Hacker Newsnew | past | comments | ask | show | jobs | submitlogin
File Integrity 6: Which image format is most resilient? (eclecticlight.co)
57 points by zdw on April 22, 2020 | hide | past | favorite | 52 comments



In general, most compressed file formats don't even bother to be resilient against errors, since error correction mostly runs against the point of compression (to make files as small as possible). Some file formats do have error detection - for example, PNG provides a CRC-32 of every chunk, and compressed formats like Zip and gzip have similar checksums.

If you happen to know (or guess) that a compressed file with a checksum only has 1-2 bytes in error, it is definitely possible to recover the original file through bruteforce. You can probably even do this to a file without a checksum just by testing which possibilities parse correctly.
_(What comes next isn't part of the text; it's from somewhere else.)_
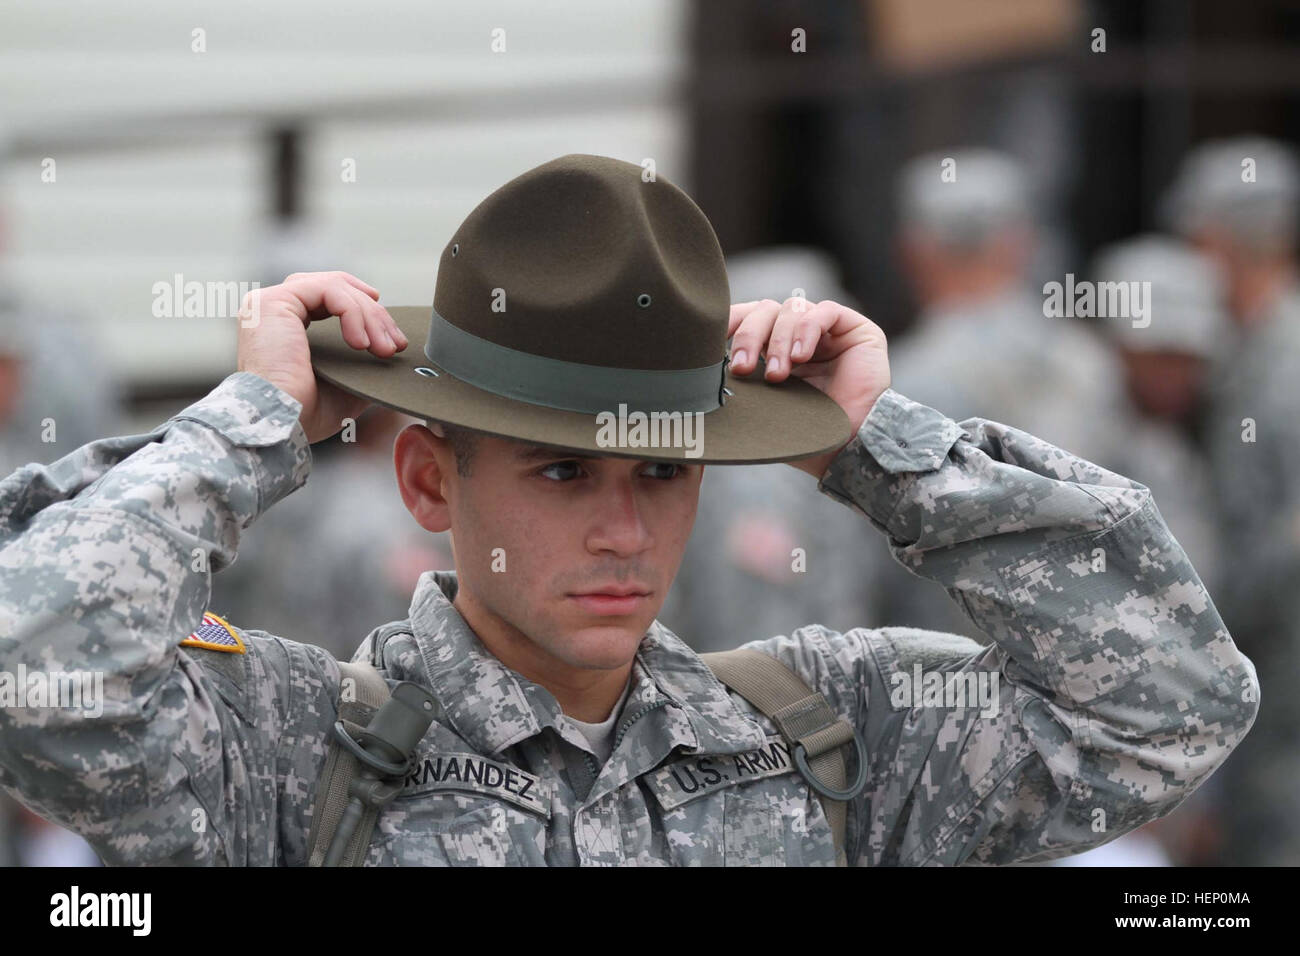 Drill sergeant candidates at the United States Army Drill Sergeant School are fitted and issued their hats just days before graduating from the prestigious course. The olive drab headgear worn by male drill sergeants today has a flat brim, Montana Peak and bears a gold disc of the Great Seal of the United States on its front. Infantry Soldiers wear an infantry blue disc under the seal. Drill sergeants first wore this hat in 1964 as a way of distinguishing themselves from those whom they were charged with transforming into Soldiers. It has been their proud symbol ever since. A legendary symbol  Stock Photo

However, corruption on filesystems rarely takes the form of a small number of bytes; oftentimes the file's metadata gets corrupted such that entire blocks of the file (anywhere from 512 bytes to 64KB) are swapped, dropped or lost. Instead of worrying about corruption-resistant image formats (since storing everything as uncompressed TIFF/BMP is incredibly wasteful), it's probably worth using a more corruption-resistant filesystem instead (i.e. not FAT!).


What’s surprising to me is that no file system (even ZFS) or database utilize error correction controls. Well aside from 1 bit/byte ECC style codes or raid. There are a few forms of forward error correction [1], which are already widely used in hardware [2]. There are some projects trying for long term fixity of storage [3], but nothing default or built in, afaict.

I assumed RocksDB or some other modern KV engine would include FEC, at least the meta-data. Using DB’s on embedded devices reveals how easily (and regularly) a whole DB of data can be corrupted. A few bytes of error and an entire IoT DB can be lost. FEC’s can be cpu expensive but not that expensive nowadays.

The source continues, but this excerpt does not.